[Supplied data Boundary: Start]

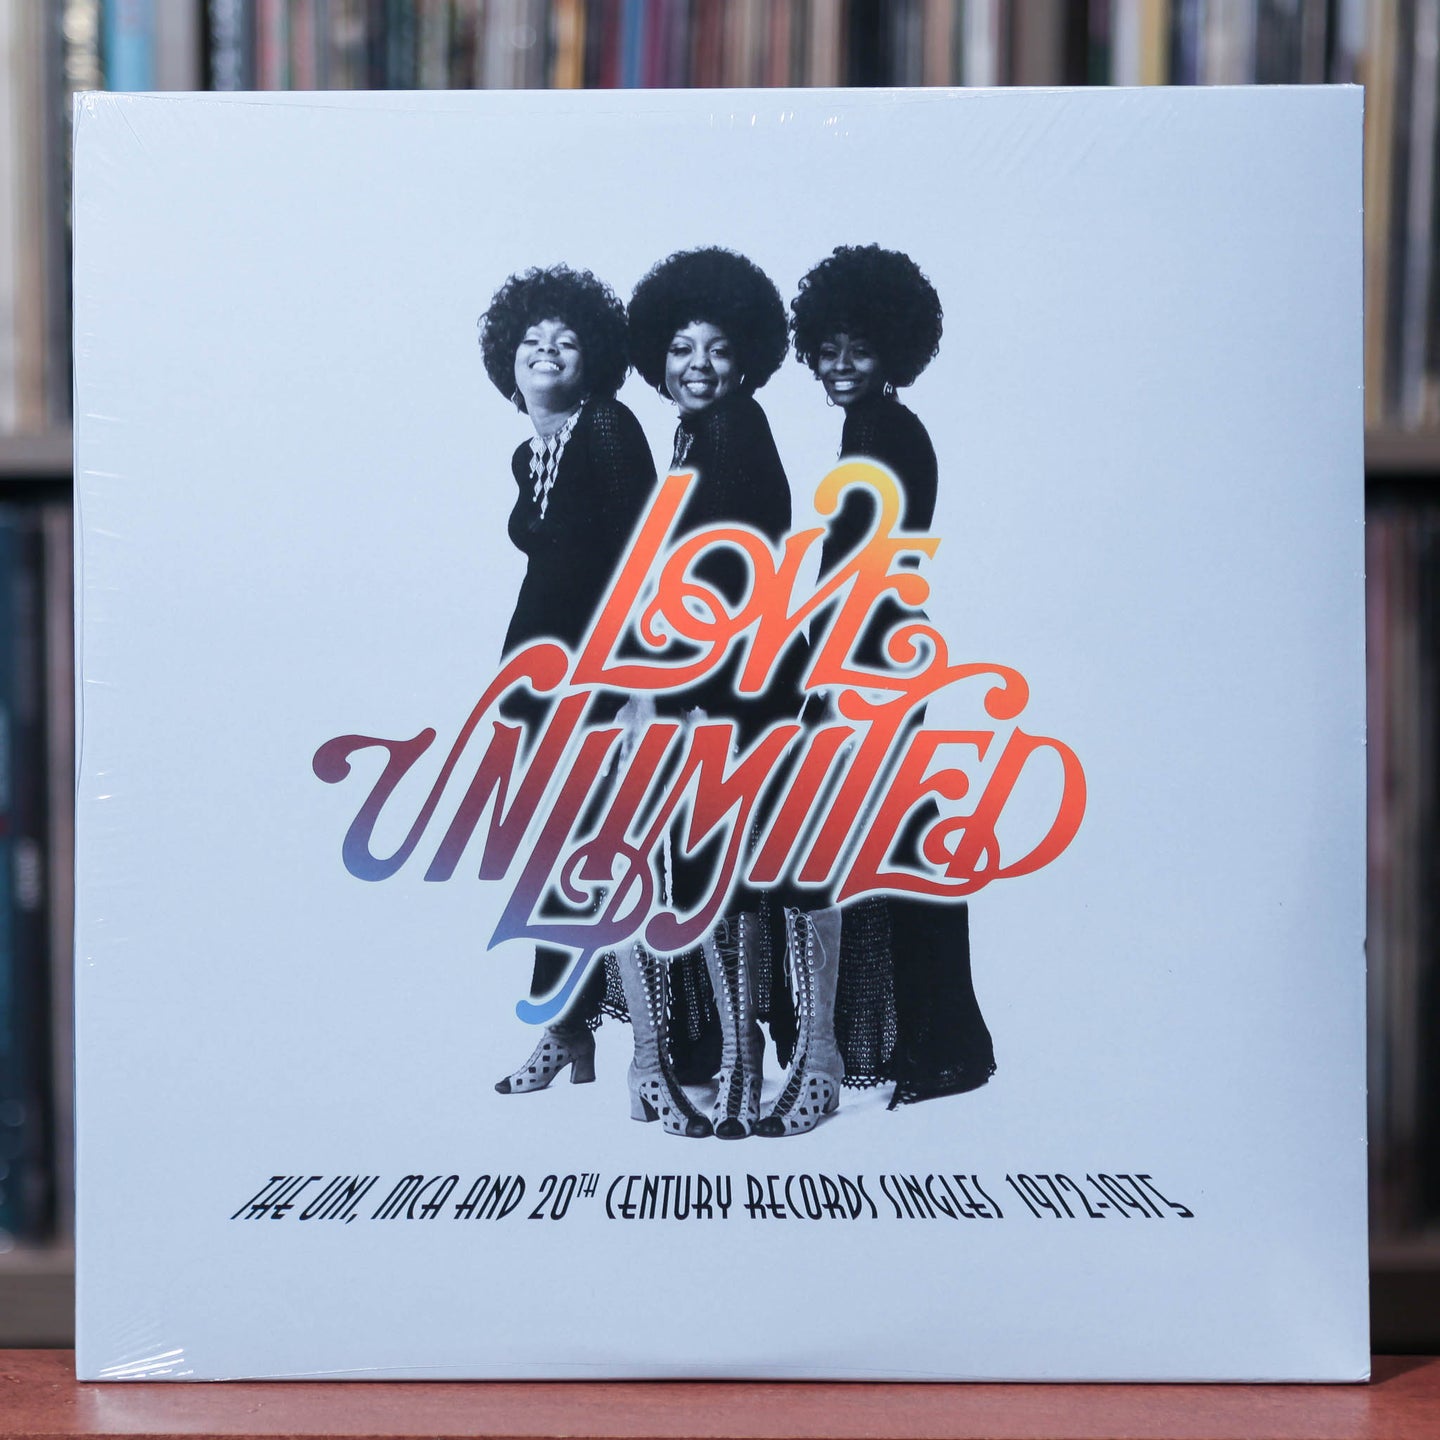 Love Unlimited - The UNI, MCA And 20th Century Records Singles 1972-1975 - 2LP - 2018 20th Century, SEALED
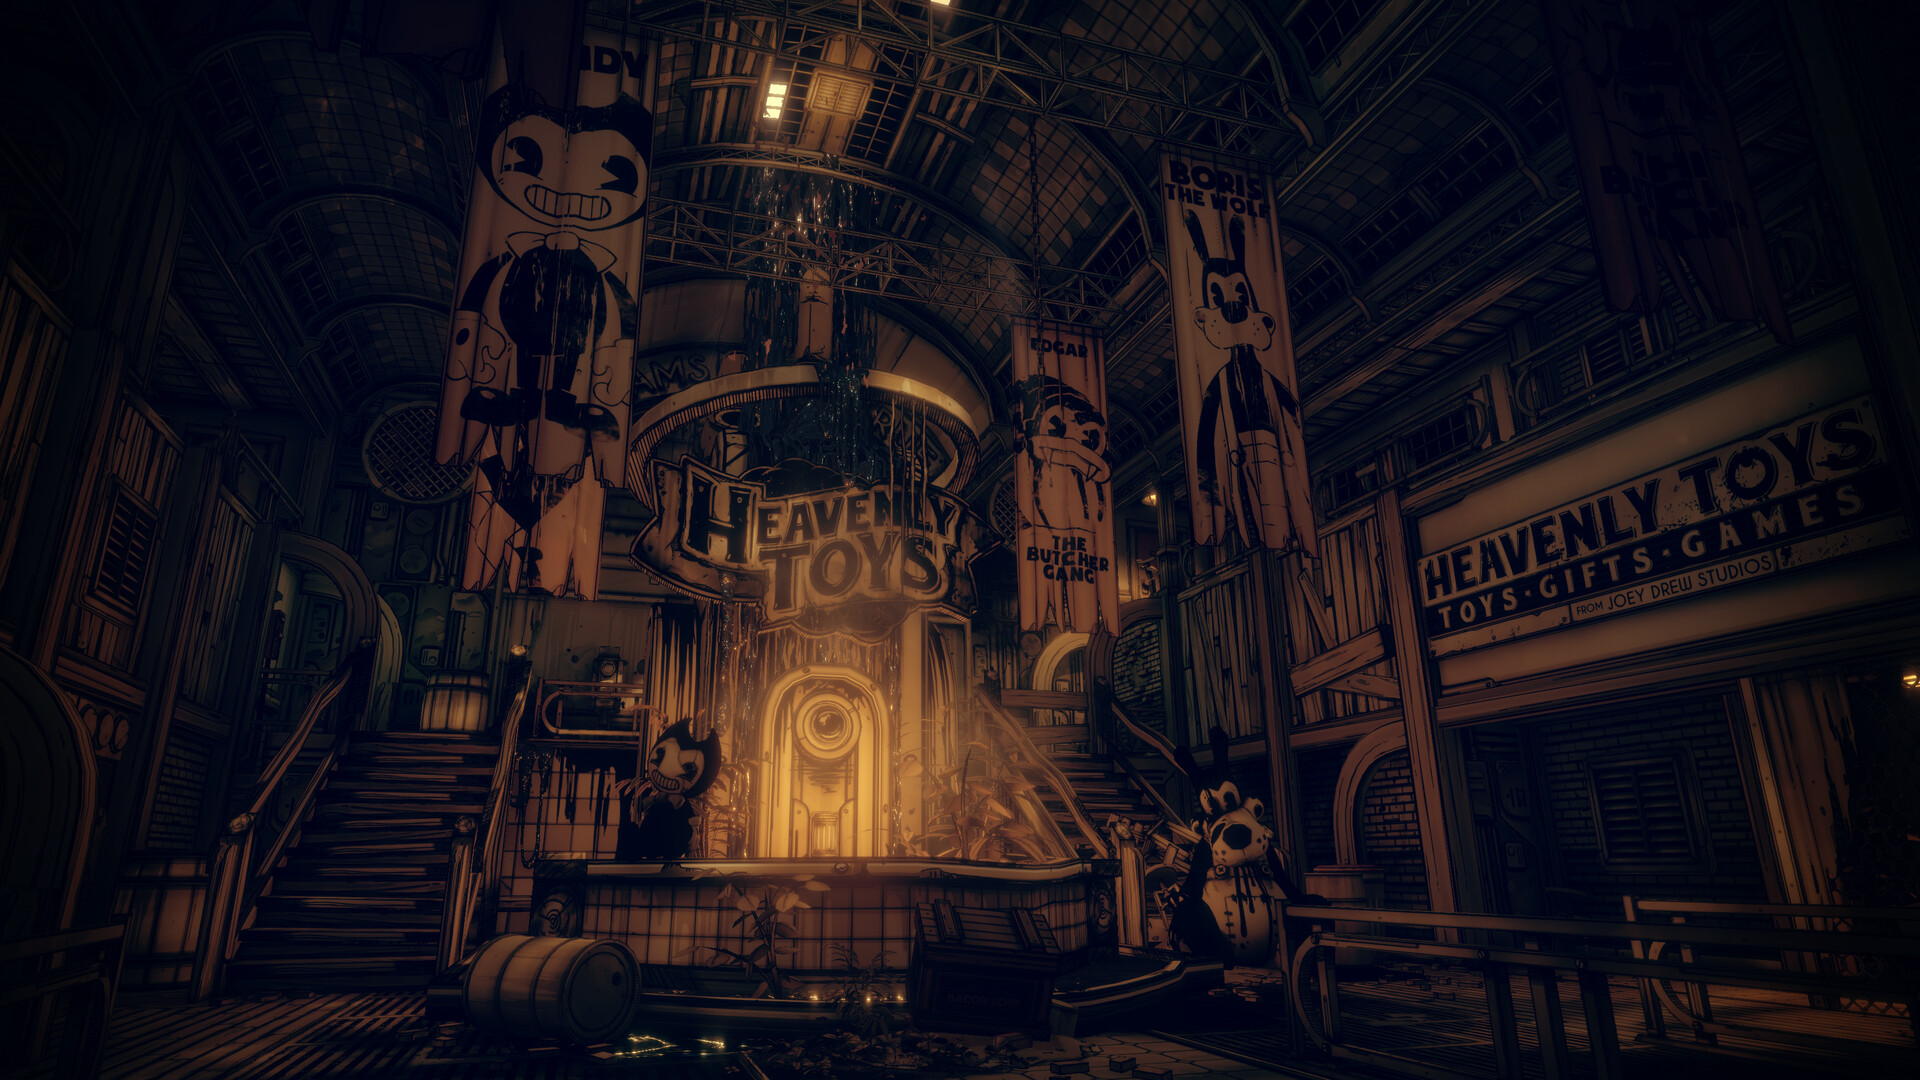 Bendy and the Dark Revival: Chapter 5, Bendy Wiki
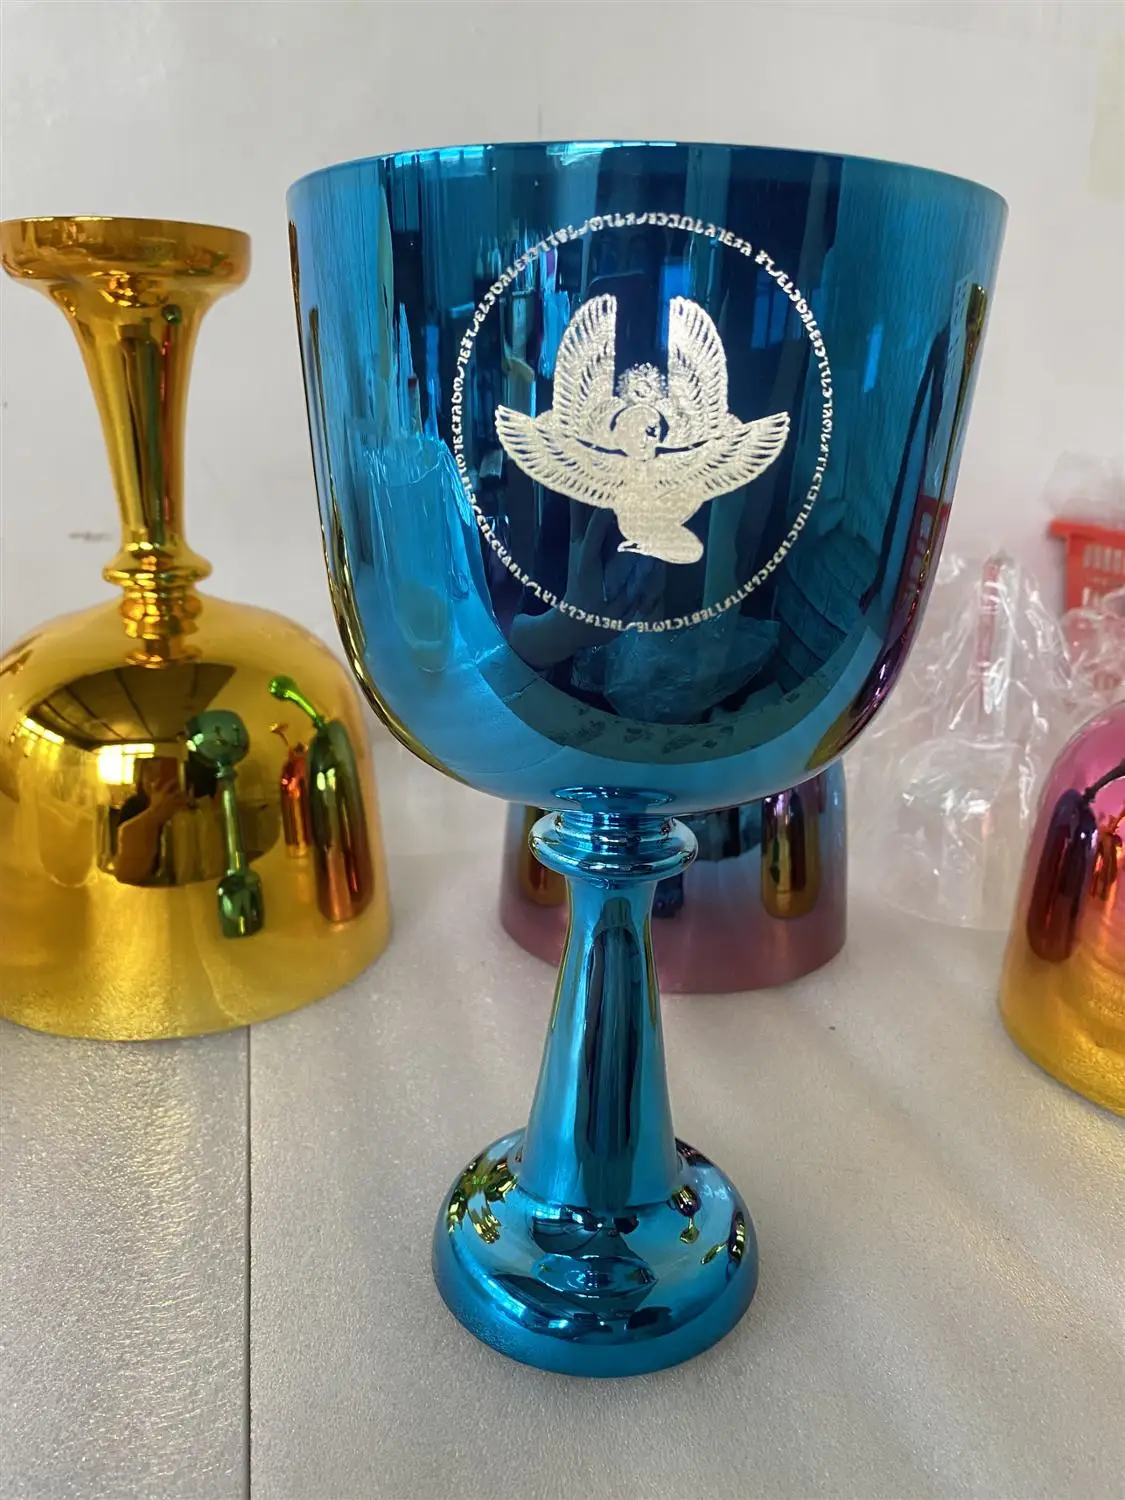 

4th octave crystal singing chalice shinny blue color 432HZ Perfect pitch "G#" note with isis engravings for sound healing

[Supplied data Boundary: End]

→ Assignment:
Output, exactly and without pictures, the span of lines that starts at the line containing "Bendy and the" and ends at the last line above.

→ Your solution:
 Bendy and the Dark Revival: Chapter 5, Bendy Wiki

4th octave crystal singing chalice shinny blue color 432HZ Perfect pitch "G#" note with isis engravings for sound healing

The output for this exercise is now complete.